Hice una pausa y luego le lancé una mirada fugaz y vacía. Mis palabras cayeron con una calma calculada, casi desdeñosa. «Majestad, ¿qué más quieres ahora?».
Su mirada penetrante me atravesó, sus ojos oscuros bullían con una rabia apenas contenida. La acusación goteaba de cada sílaba mientras exigía: «¿Quién es tu madre?».
Frente a su mirada furiosa, una risa burlona y despectiva brotó de mis labios. «¿Por qué debería decírtelo?».
La oscuridad se apoderó del rostro de Leonardo, la furia se encendió como un incendio forestal en sus ojos.

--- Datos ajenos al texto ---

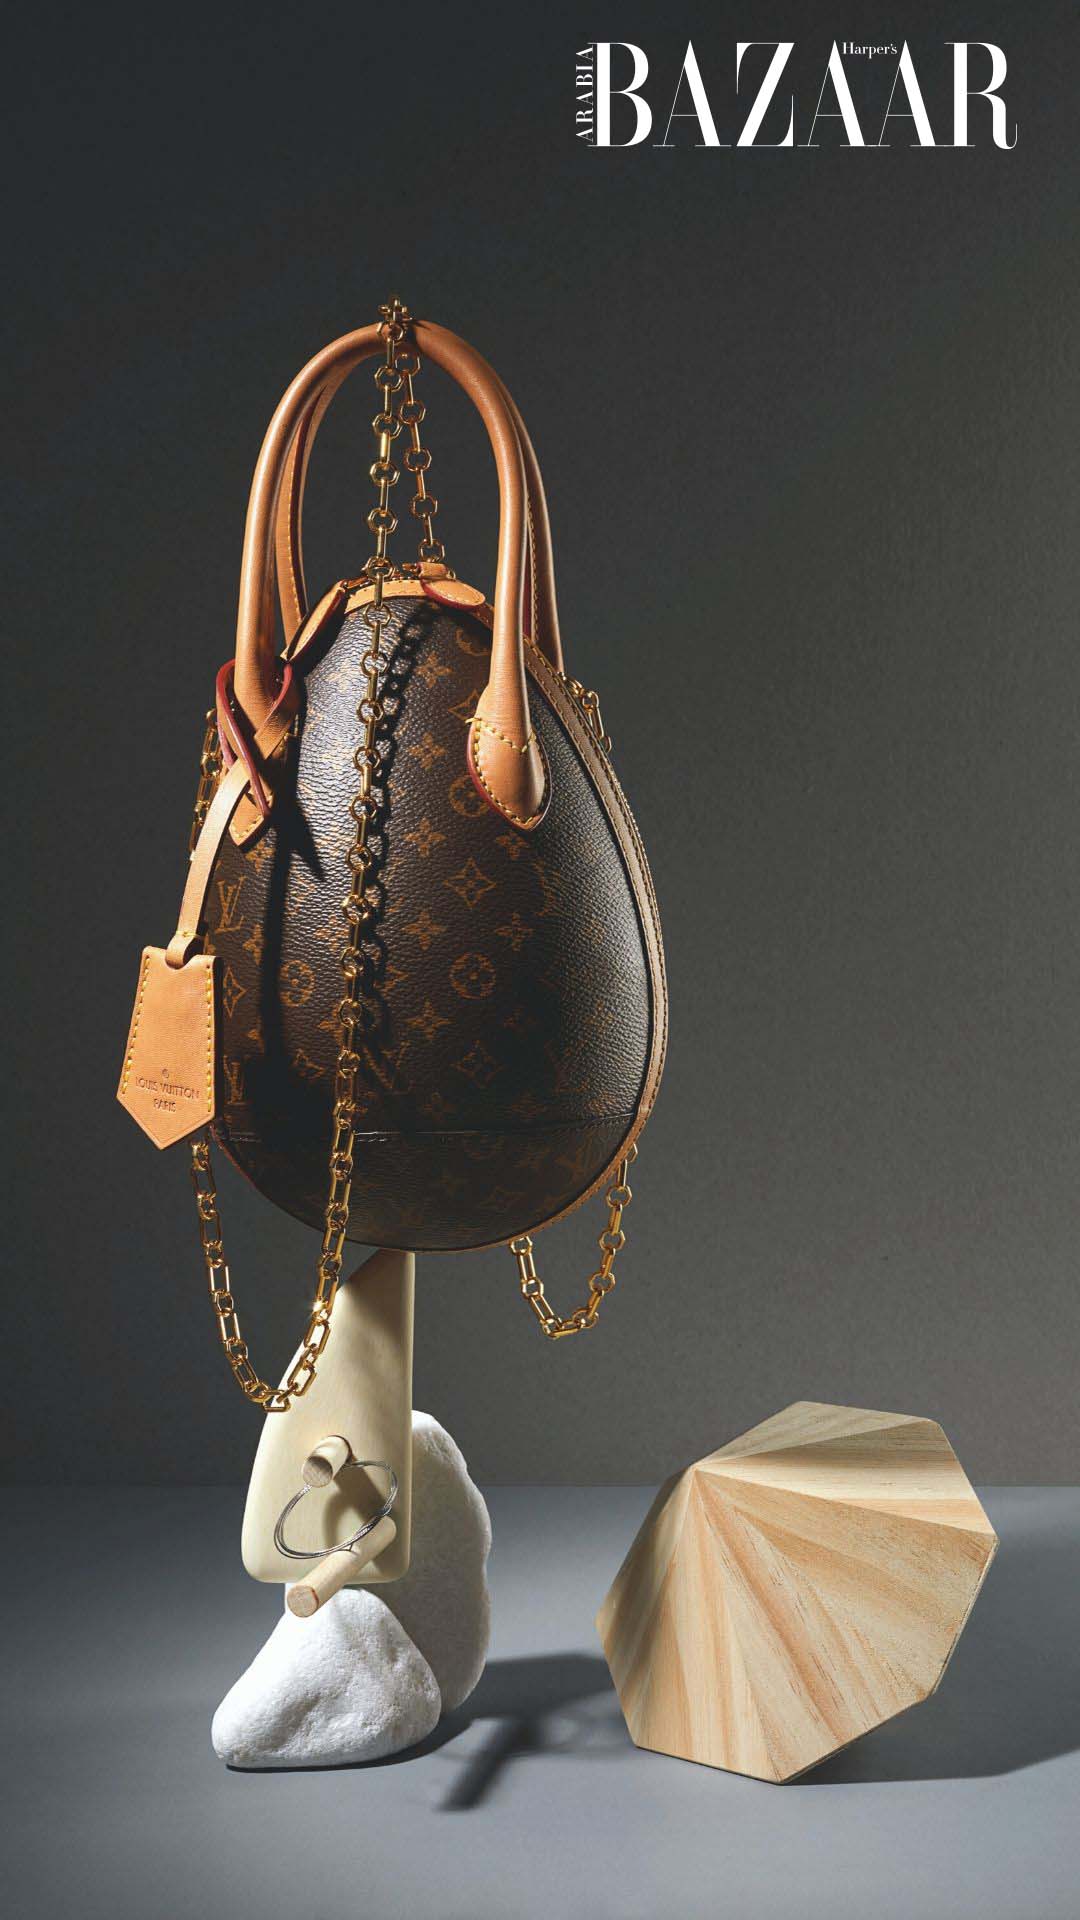 Harper's Bazaar Arabia on Instagram‎: Louis Vuitton's new High

Con un movimiento fluido, agarró una daga del cinturón de un guardia y se acercó a Connolly. Rápida y salvajemente, la hoja le cortó la carne del costado.
«¡Ah!». La sangre brotó de la herida y el grito agonizante de Connolly rasgó el aire, crudo y atormentado.
«¡Makenna Dunn!». Los ojos de Leonardo ardían mientras gritaba, transformado en una bestia rabiosa. «¡Puede que Connolly no sea tu verdadero padre, pero te cuidó y te crió! ¿De verdad vas a quedarte ahí parado viendo cómo lo torturan hasta la muerte?».
Clavada en el sitio, sentí cómo el hielo se apoderaba de mis venas.